[SOURCE DATA Boundary: Start]
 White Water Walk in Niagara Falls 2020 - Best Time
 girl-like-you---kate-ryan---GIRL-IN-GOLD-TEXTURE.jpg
[SOURCE DATA Boundary: End]
[SOURCE DATA Boundary: Start]
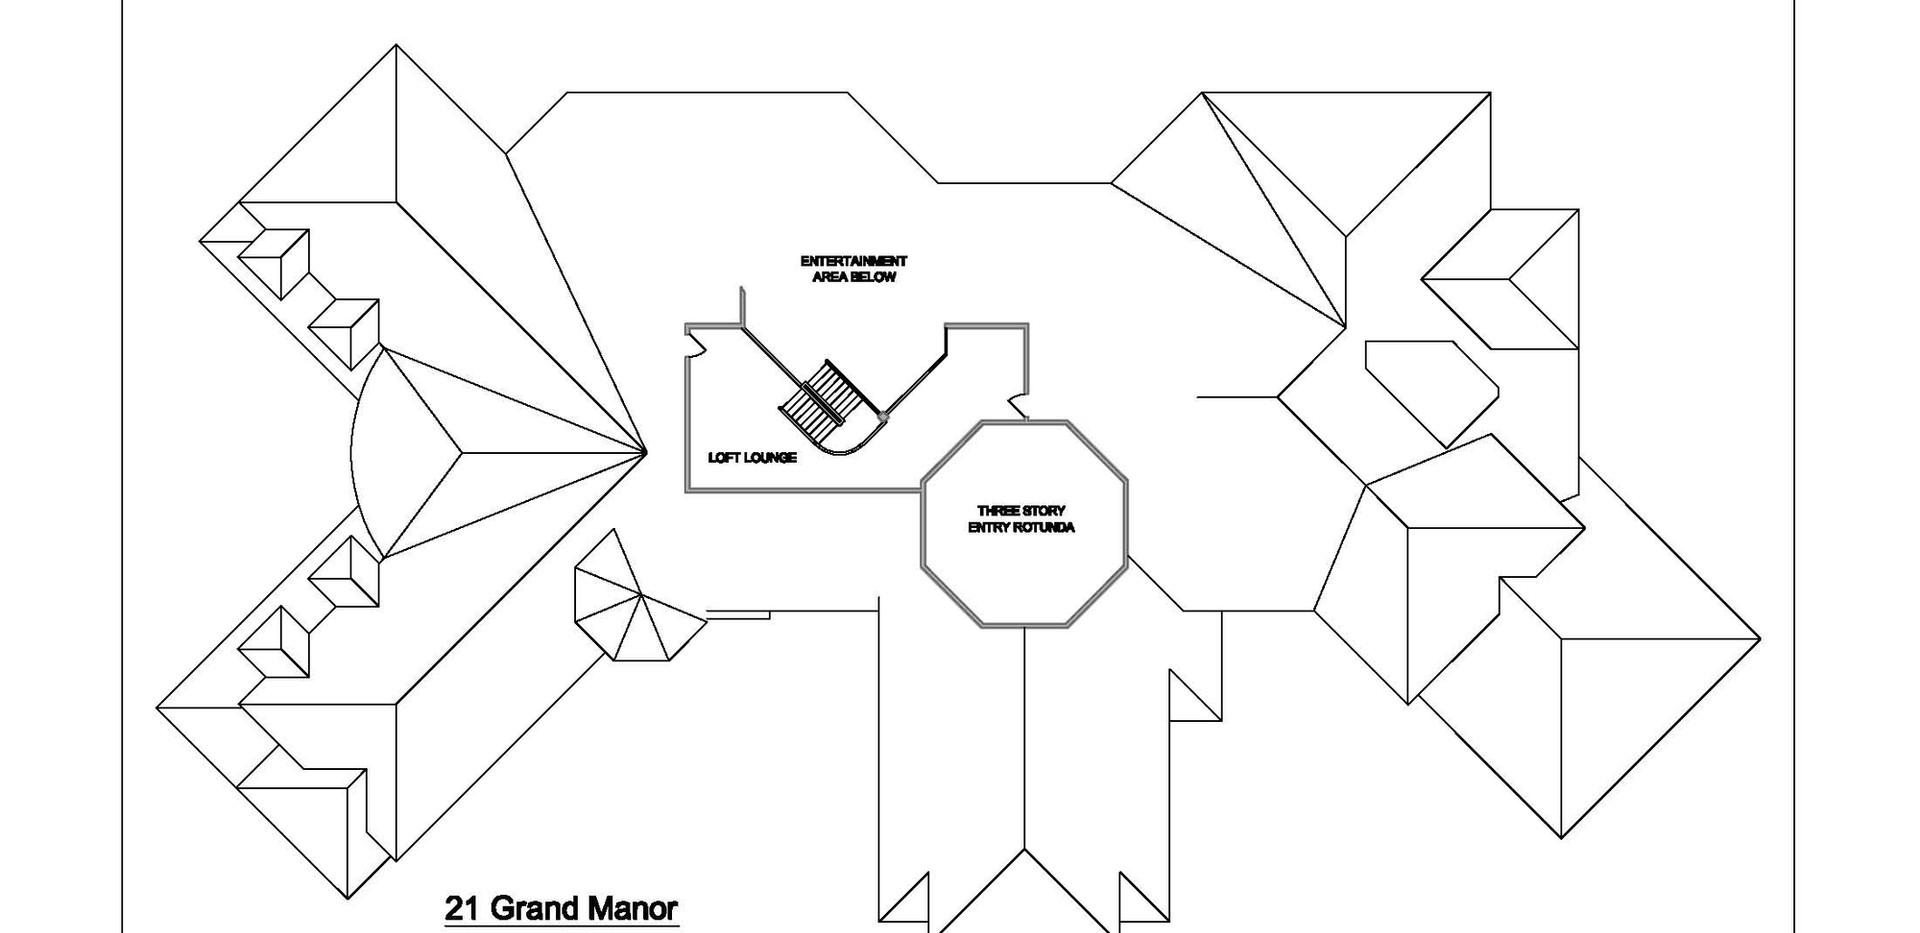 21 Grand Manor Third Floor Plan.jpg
[SOURCE DATA Boundary: End]
[SOURCE DATA Boundary: Start]
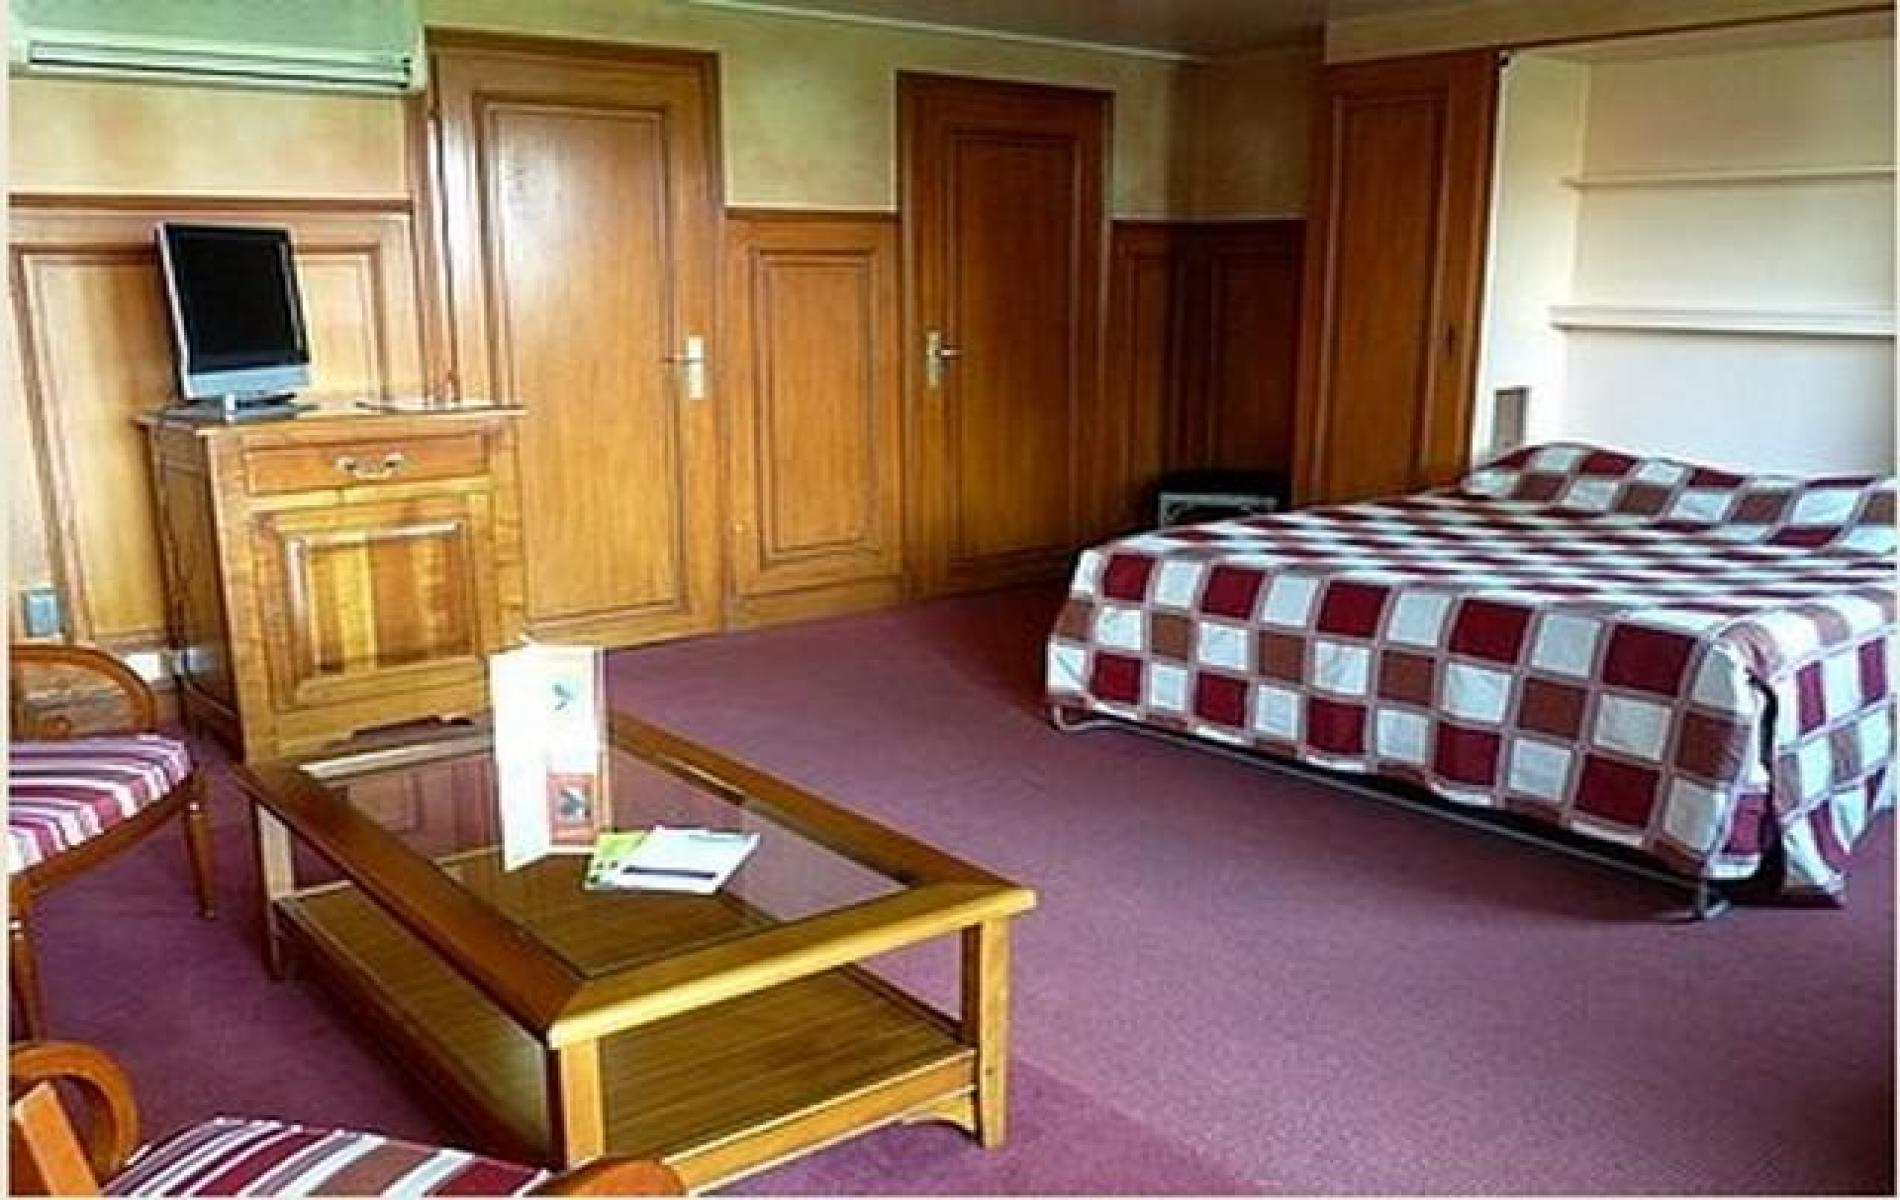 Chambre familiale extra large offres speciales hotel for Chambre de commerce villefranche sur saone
[SOURCE DATA Boundary: End]
*DIRECTIONS FOR THIS TASK*: Starting at the line that has "White Water Walk" in the records above, restate word for word every line until the one that has "girl-like-you---kate-ryan---GIRL-IN-GOLD-TEXTURE.jpg", and include that one as well.

*ANSWER TO THIS EXERCISE*:
 White Water Walk in Niagara Falls 2020 - Best Time
 girl-like-you---kate-ryan---GIRL-IN-GOLD-TEXTURE.jpg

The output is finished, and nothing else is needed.